» **WHAT TO PRODUCE**
Could you transcribe all of the data exactly and skip any pictures?

» **PROVIDED DATA**
=== Begin Enclosure ===

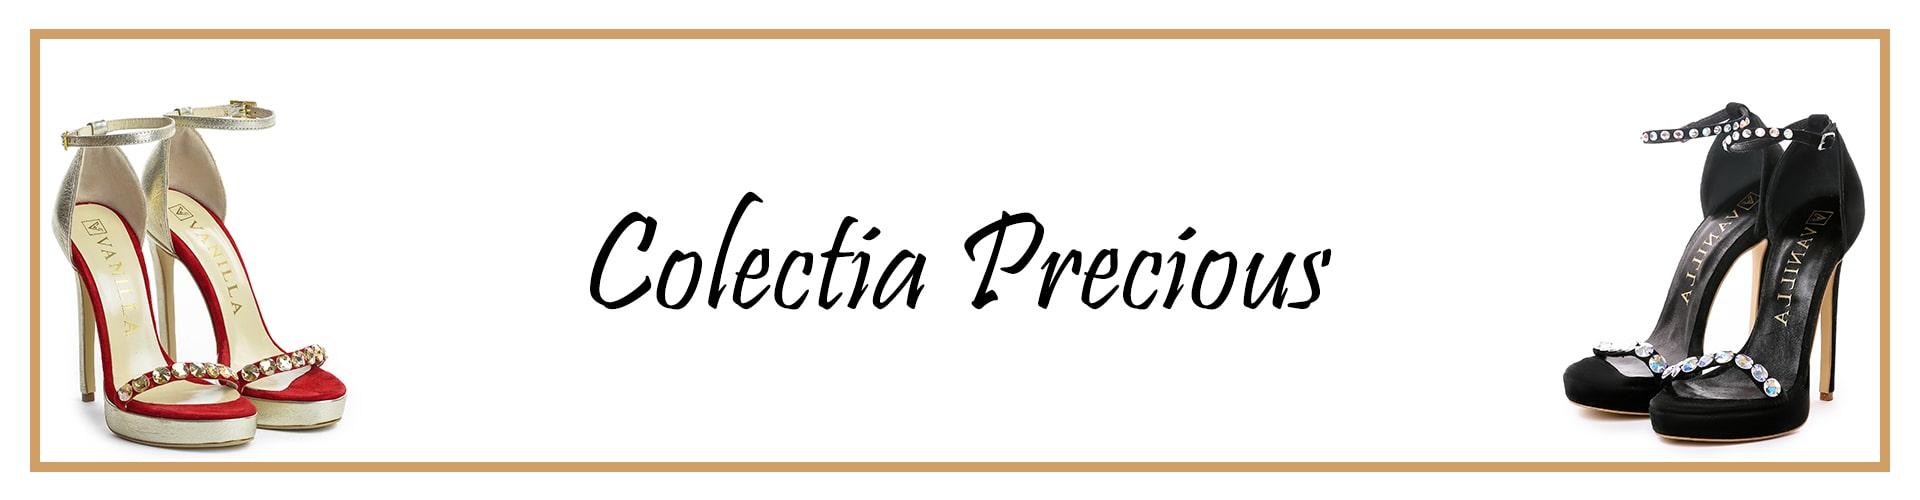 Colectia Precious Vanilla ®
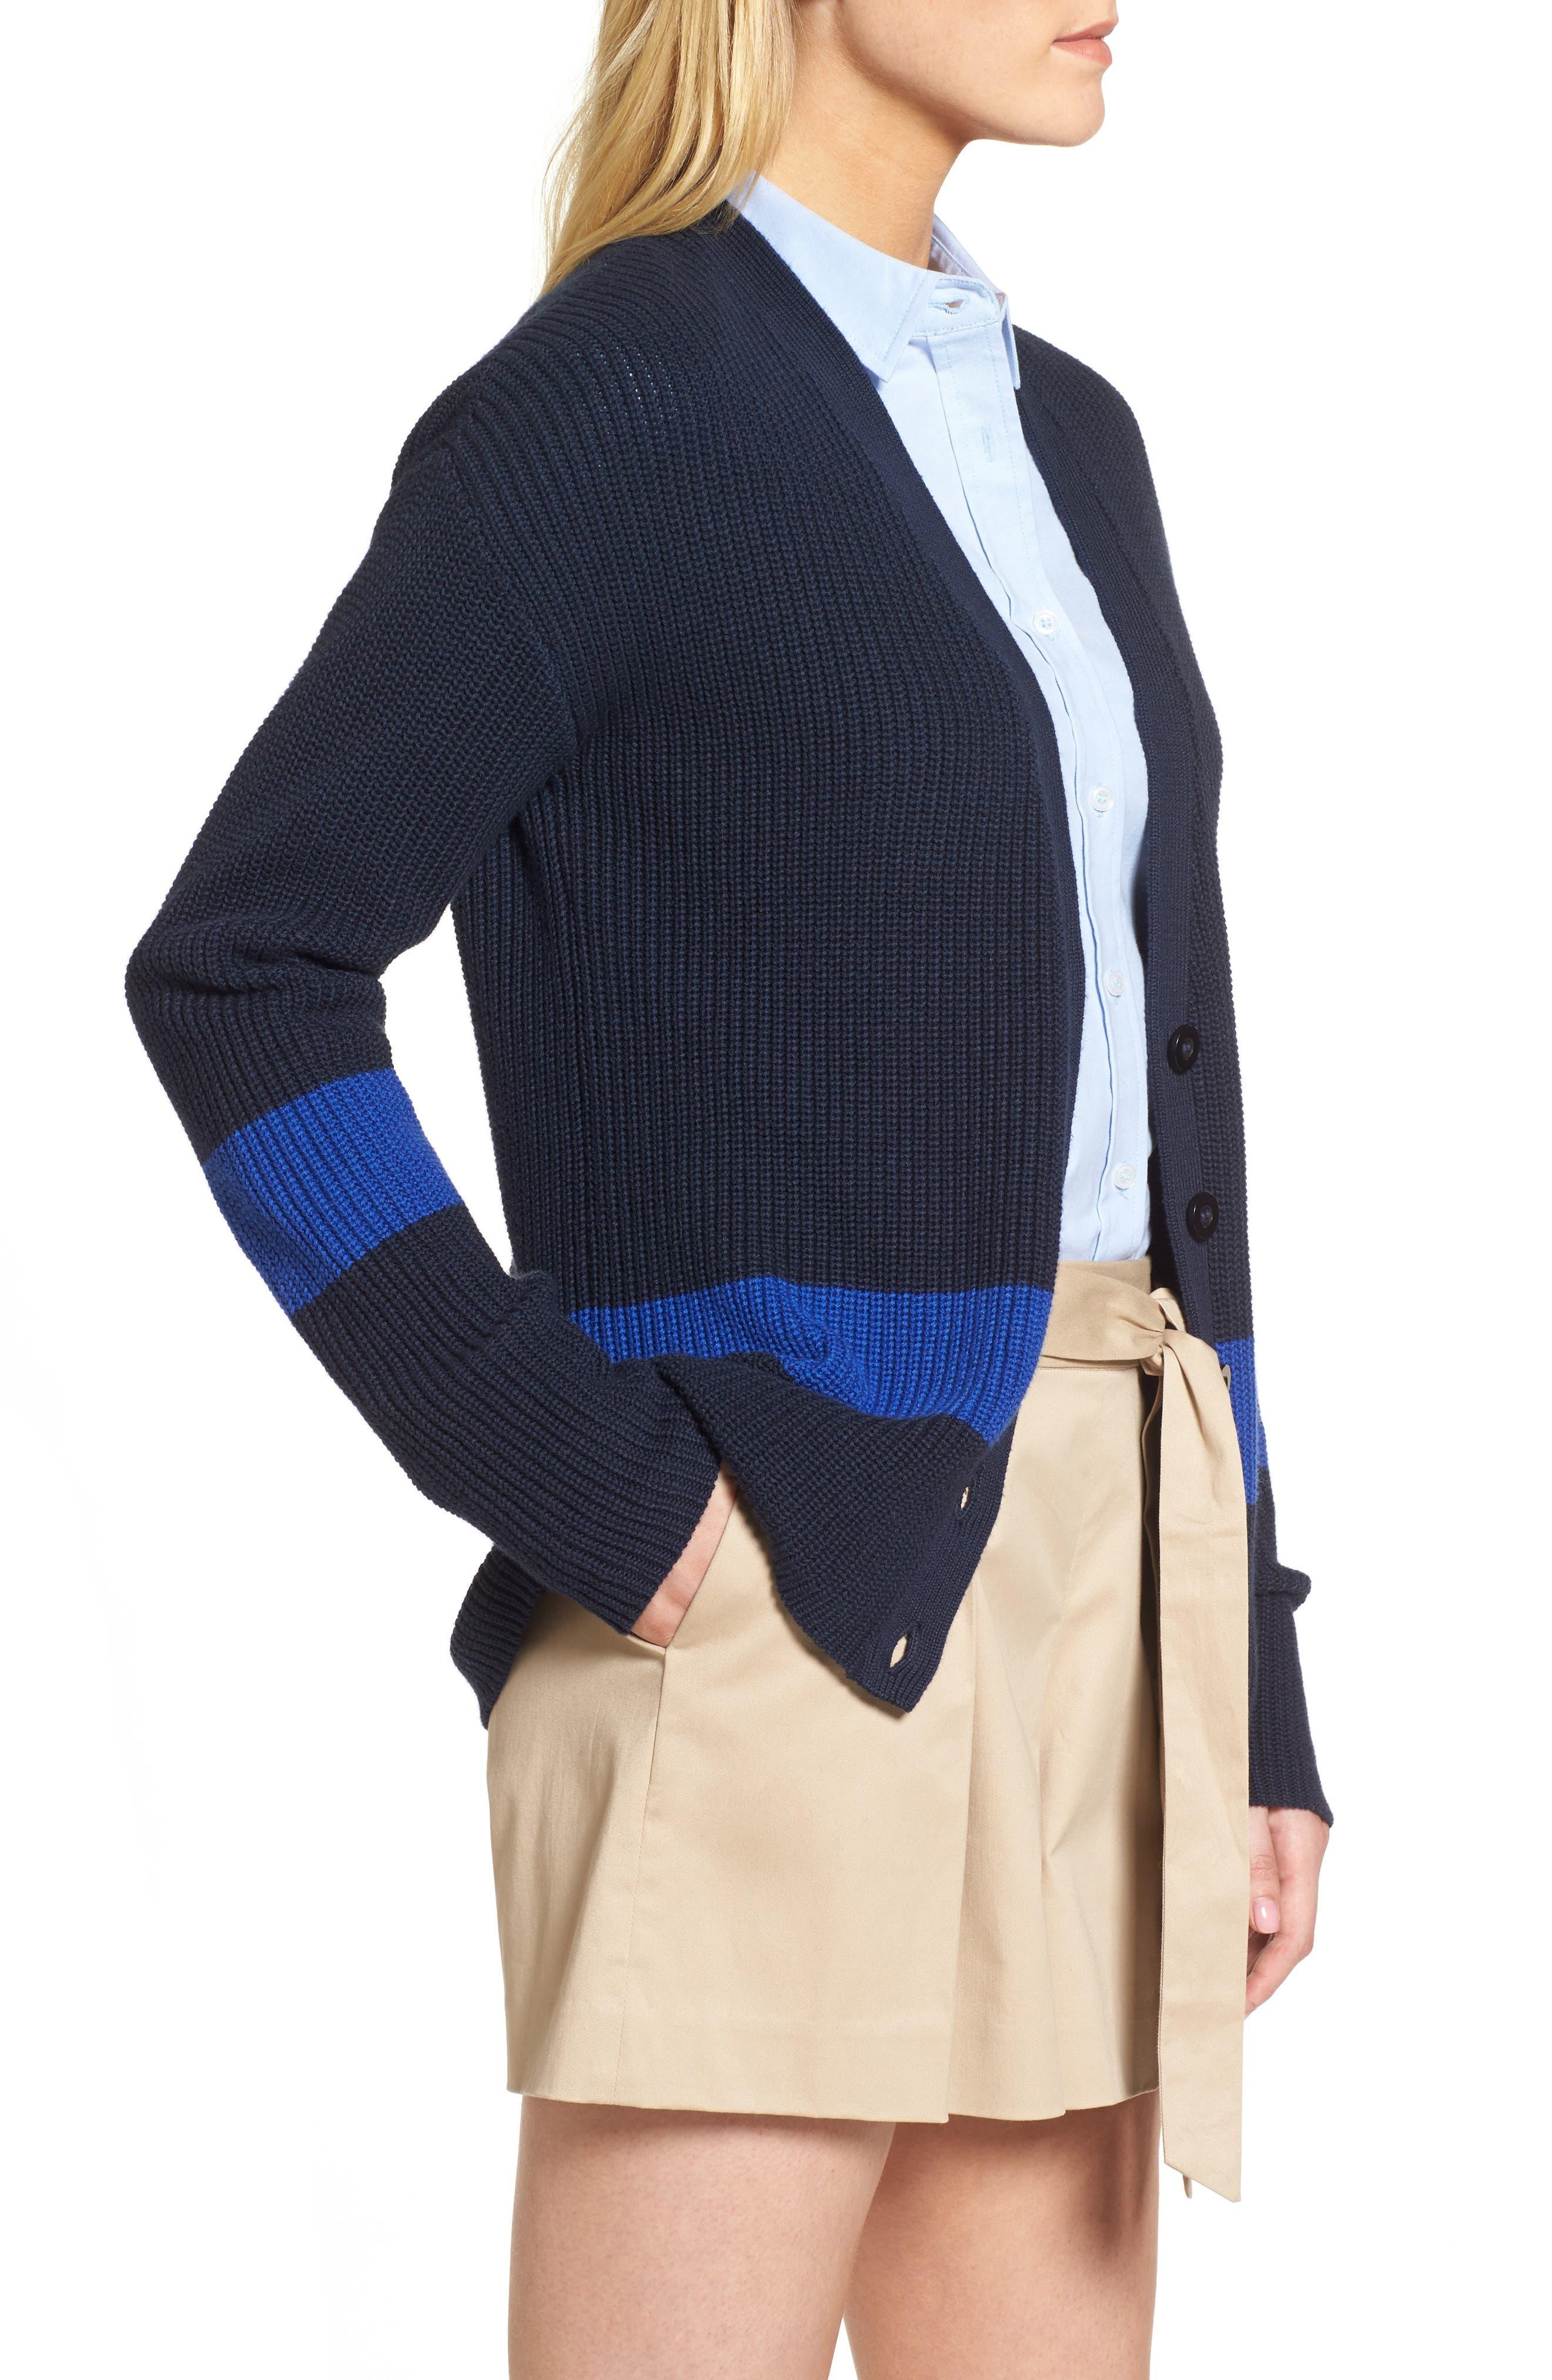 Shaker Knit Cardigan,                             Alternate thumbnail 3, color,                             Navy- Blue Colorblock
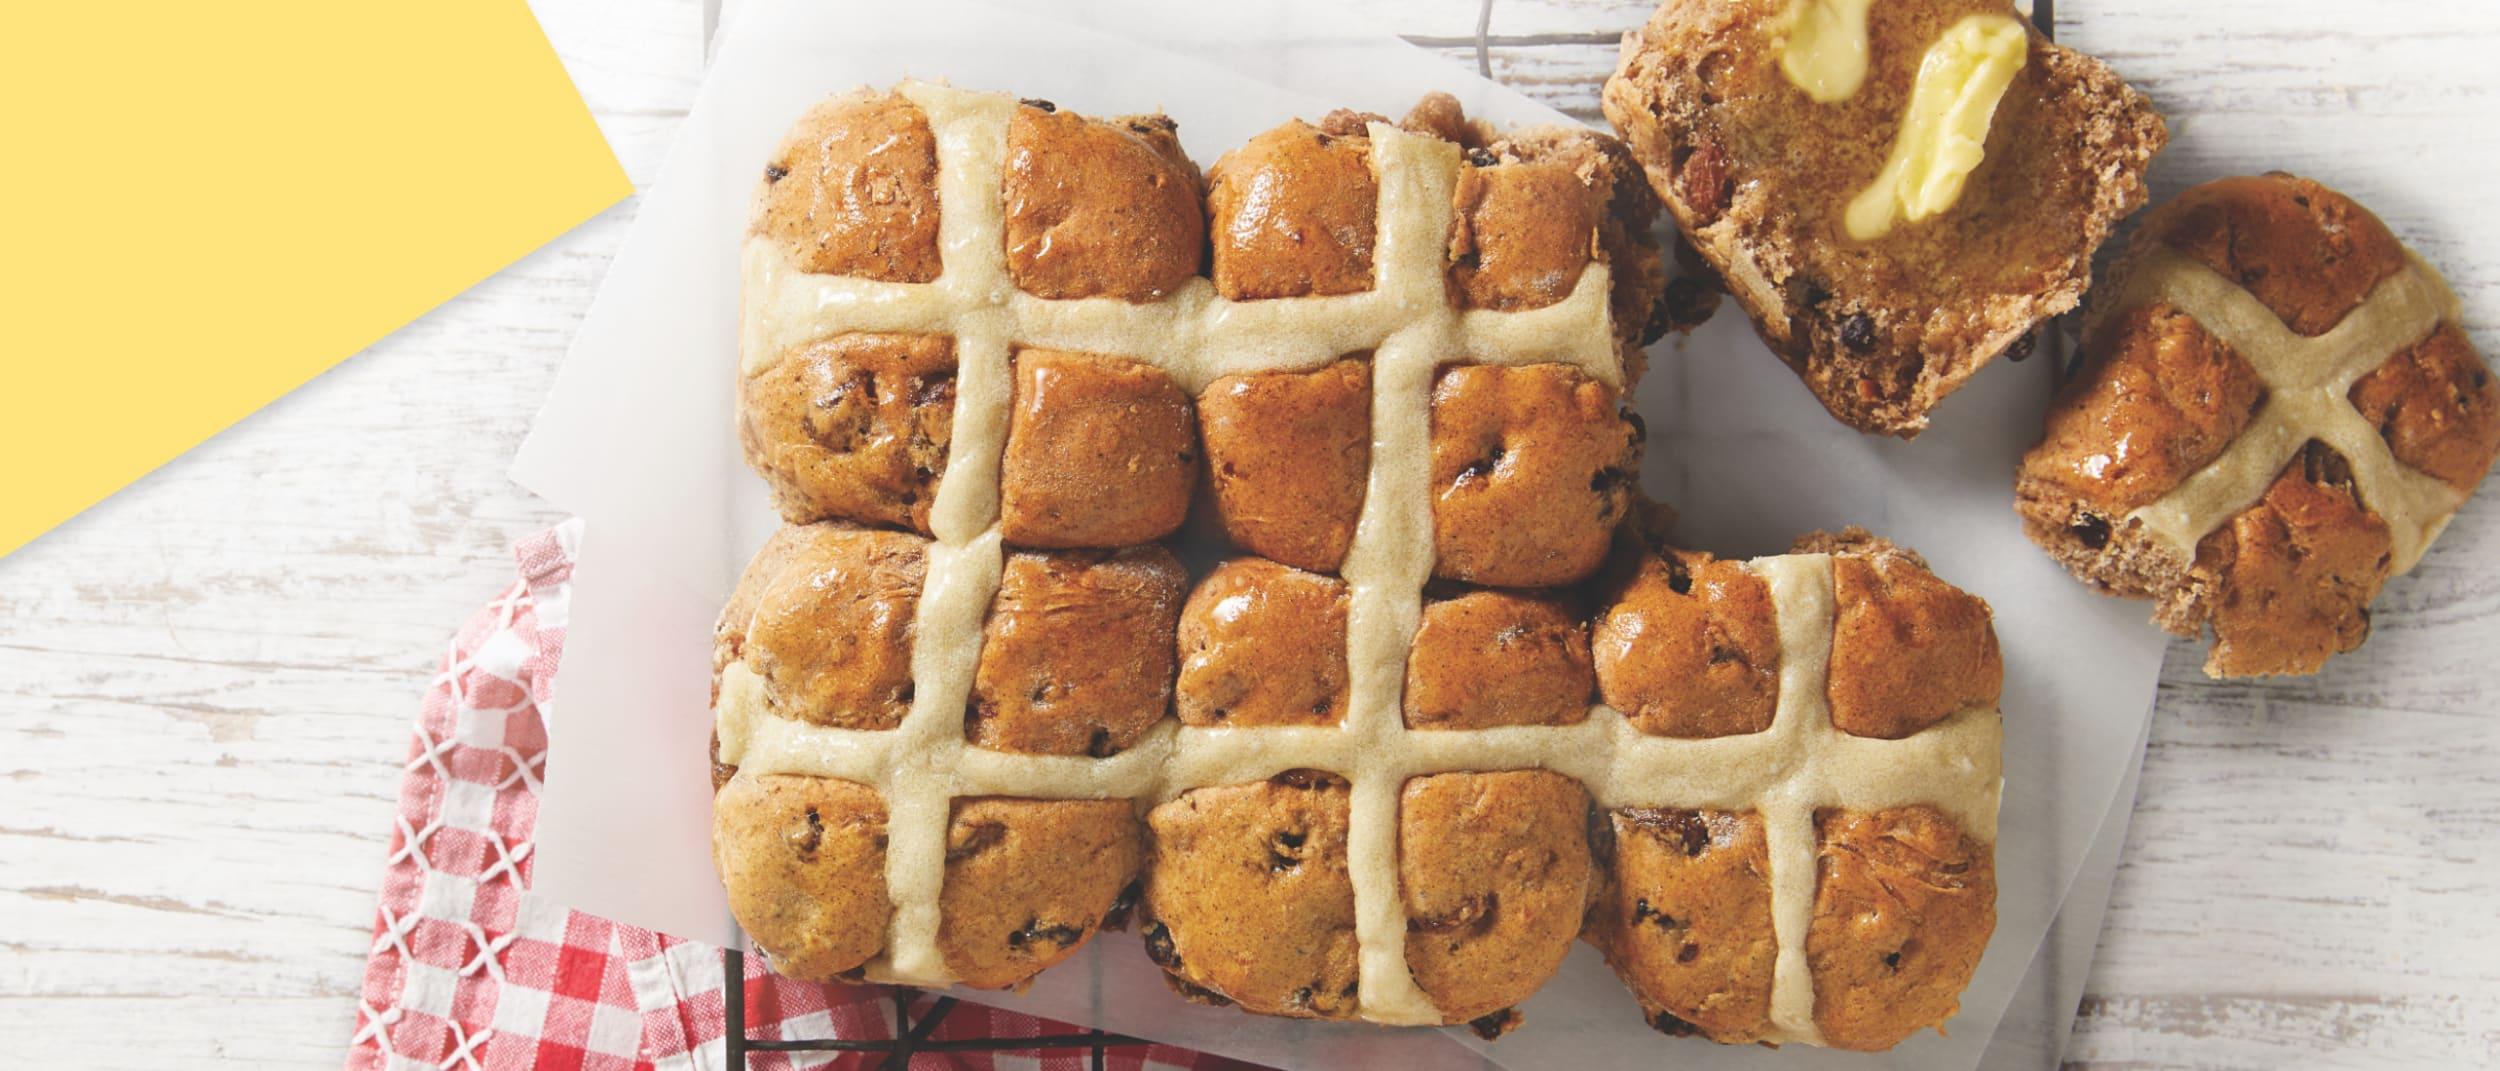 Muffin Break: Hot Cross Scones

=== End Enclosure ===

» **FINISHED EXERCISE**
 Colectia Precious Vanilla ®
 Shaker Knit Cardigan,                             Alternate thumbnail 3, color,                             Navy- Blue Colorblock
 Muffin Break: Hot Cross Scones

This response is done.